Learn more about the new data services coming to the network.
TL;DR: Learn more about each of the new data services that The Graph plans to launch on the network, including advanced data streaming services like Firehose and Substreams, Large Language Models (LLMs), new query languages, and verifiable data.
One of the objectives of The Graph’s New Era roadmap is to introduce new data services on the network. But what are these new data services and what benefits will they bring for web3 developers and indexers?
Before we get into the details of each data service, let’s first understand what’s happening now. Right now, subgraphs, facilitated by indexers, are the only data service on the network. As more data services come on the network, they will bring new opportunities for indexers and data consumers. This expansion will bring many new ways to access and analyze blockchain data.
Join us for a detailed look at the World of Data Services as we explain each service and the data needs it serves.
(Image at right from The Graph blog)
A rich market of data services
What is Firehose?
Firehose is a tool developed by StreamingFast that extracts data from Firehose-enabled blockchain nodes and stores it in flat files. Flat files provide a streamlined and efficient way to handle data, thanks to their simple structure, which facilitates easy parsing, storage, and quick access for real-time data processing. Firehose delivers data with unprecedented speed, efficiency, and scale.
Why Firehose?
Firehose serves the need for real-time data streaming and processing, offering a straightforward, scalable solution for handling large volumes of blockchain data. This infrastructure is designed for the heavy demands of modern applications, facilitating a flow of data that’s both rich in content and robust in delivery.
What’s an example?
Firehose can be used for projects like large-scale DeFi platforms, where efficient and rapid processing of vast amounts of blockchain transaction data is crucial for real-time analytics and decision-making.
For more detailed information on Firehose, check out our playlist, Deep Dives with Pinax’s Matthew Darwin.
What is Substreams?
Substreams (also developed by StreamingFast) is an integral component of a comprehensive data pipeline, specifically designed to build upon and extend the capabilities of Firehose. Essentially, you can envision Substreams as a subsequent layer that comes into play only after Firehose has already collected the data.
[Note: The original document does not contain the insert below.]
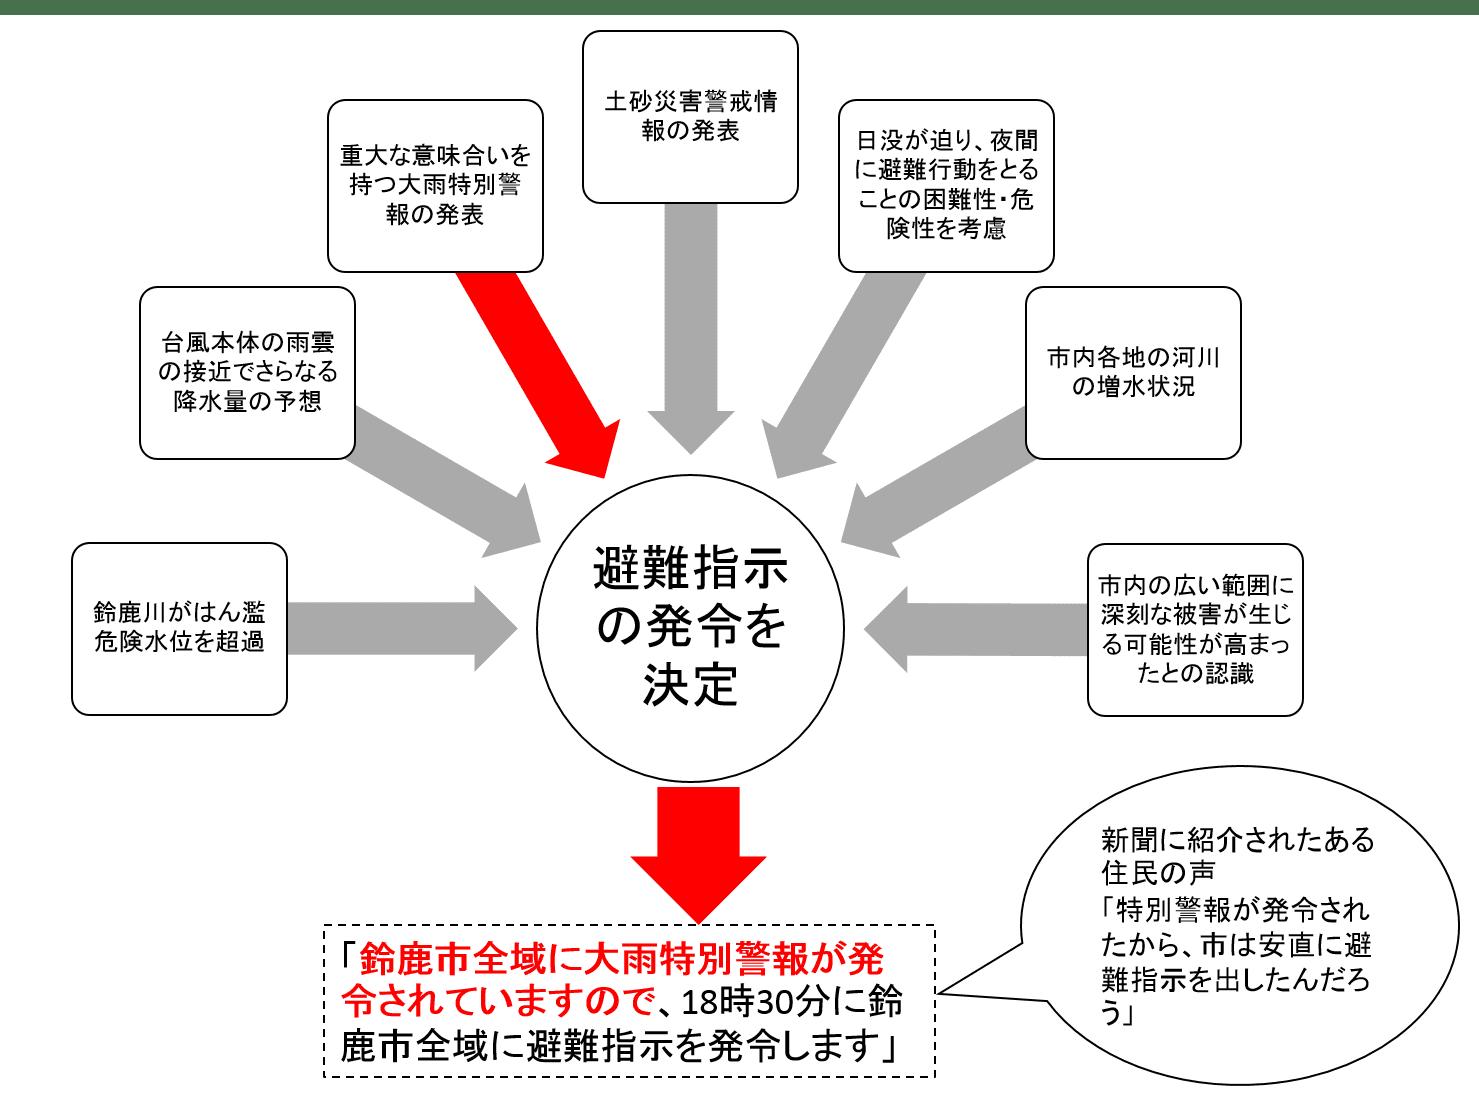 勧告 と 違い の 避難 避難 指示

Substreams serves as a sophisticated conduit that transforms or filters this incoming data from Firehose, refining the information flow for further use. Once processed, this refined data becomes primed for loading and querying within a subgraph, database, or data service, ensuring that users can interact with it more meaningfully and efficiently.
Why Substreams?
Substreams are parallelizable and highly composable.
- Parallelization ensures that large volumes of data can be processed quickly and efficiently, which helps significantly speed up handling of blockchain data processing.
- Composable means they can handle multiple data processing tasks simultaneously and be easily combined with other Substreams modules, which can help create versatile data workflows.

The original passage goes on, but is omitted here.